My Body of work catalogues and comments on the role of art in fashion. Fashion increasingly employs methods, models and motifs from art, deconstructs them and recreates new designs. The client consumes the fashion and in pursuit of individualism, affordability plummets as exclusivity increases. The client buys individualism. But is it all a fraud? Is the client bluffed into believing that fashion can replace character?
The images that my art focuses on are based on society’s relationship to fashion. This leads onto the idea of conformity and the loss of individuality through trying to be “in fashion”. “Do you see what I see? (Jem - They, i inclued this song apart of my work only i remixed it with sex and the city theme)” The barcodes in the artwork represent the loss of individuality, for we are all behind these jail like bars. The silhouette human forms have no detail and are hidden behind their apparel, hiding distinguishable features of a human hence an identity not specific to gender.
Looking different and having your own "style" is important to a lot of people. But is there really any such thing as exclusivity in fashion?

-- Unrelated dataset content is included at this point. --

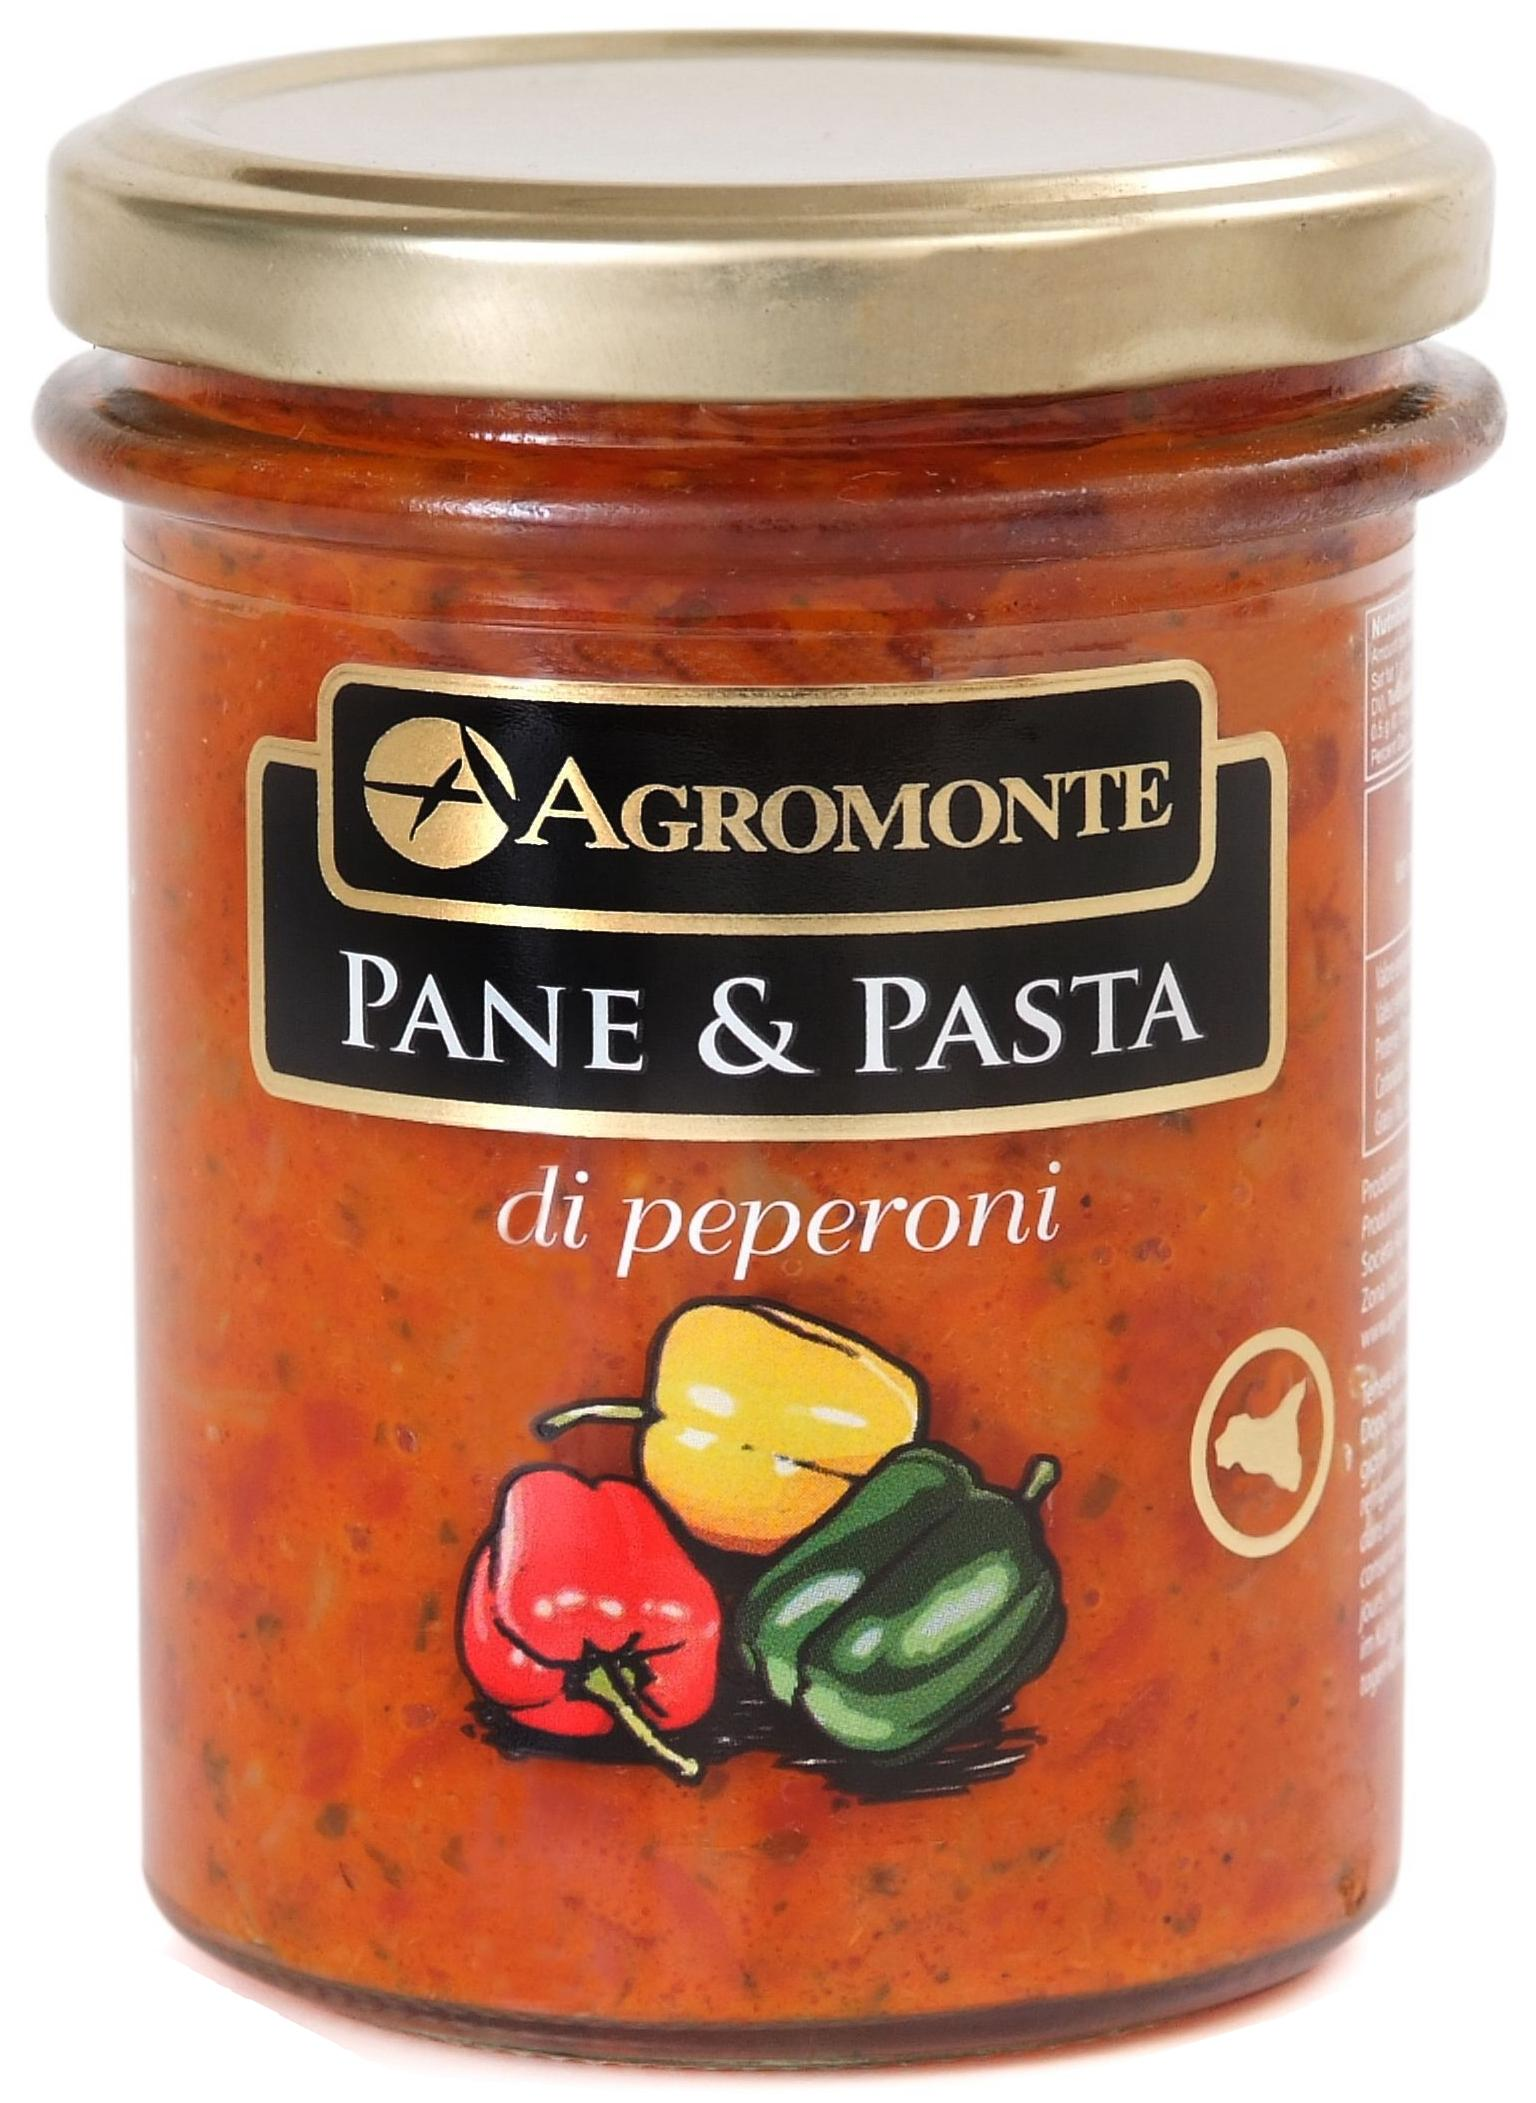 Agromonte Pane & Pasta di Peperoni

For a lot of young people today, New York is the style capital of the world and it's all thanks to television shows like “Sex and the City”. Where magazines still teach us how to dress like Carrie - "get the look", "steal the style", as if young women all over can buy a cheap version of her lifestyle.
Ossie Clark, the fashion designer who introduced bright colours and maxi skirts to the Sixties, once said: "Everything that is done has been done before. We've got to find a new permutation, a new erogenous zone."